Slaughter the Button!

Does it Smell which wine you are drinking?

Does it Smell which wine you are drinking?

Let’s be honest: buttons suck. Dropdowns suck, sliders suck, everything that makes you think sucks.

Example: 1:45 AM. You want to get money our of an ATM, you are not very sober and next to a bar and ran out of money. You enter your card, type in your PIN code, now the fun starts. Questions start popping up.

“Money Operations” “Transfer money” “Print out statements” “Change PIN” “Order Tickets”. It is 1:45! What do you think I am here for, to wash my laundry! NO, get me the money and stop bothering me.
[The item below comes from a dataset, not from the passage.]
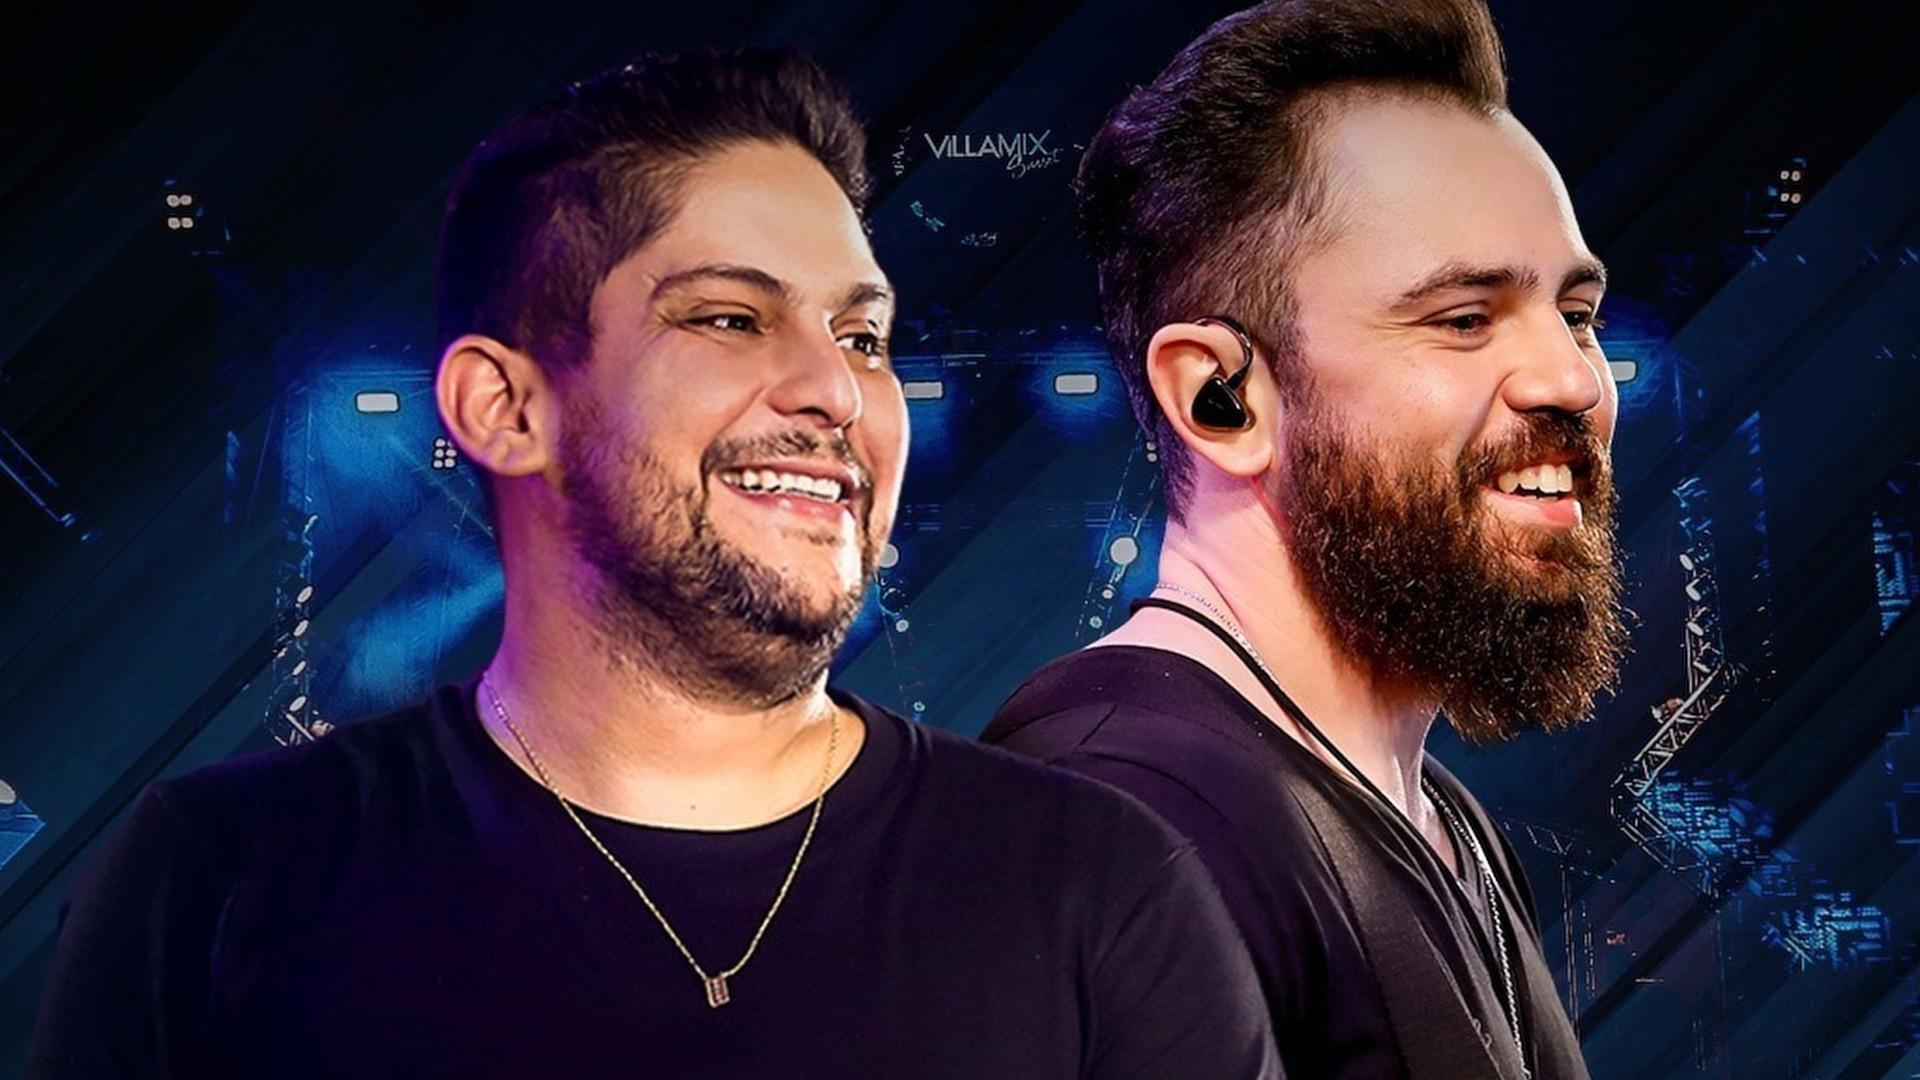 Festival Villa Mix desembarca em Lisboa levando estrelas brasileiras

Who wants to print out statements in the middle of the night?

So all information is there, we know the time, we know what the most common interaction is (get money out) so why do we need that many buttons?

Slaughter the Button – Use Environmental Input

Computers are so good in calculating, remembering, connecting, so why can´t we (interaction designers and usability people) not use that information to stop bothering the user?

If we know where you are, why show you restaurants on the other side of the world? If I know that you are 90 years old, why try to sell me diapers? If you know that I am using IE7 on Windows Vista, why show me solutions for XP?

Sensors, Bluetooth, GPS, etc…

As we know even know where you are, we know what is around you (Bluetooth), what time it is, what temperature it is and sometimes we can now even now more things like your weight, your sex, name, interests etc. Why ask when you already know?  

No excuse except that it can get pricey.

Ask yourself:

  • What do I already know that I don´t have to ask the user?
  • What information can I obtain using sensors or connecting to a site so I don´t have to ask a user for input and so I can make a decision for him or her.

One Response to “Slaughter the Button!”

  1. it is true that we often neglect or question the information we can get from the environment, system data etc. but we shouldn’t leave just one button on the screen. good defaults is also great, but user should be confident you have the right information about him.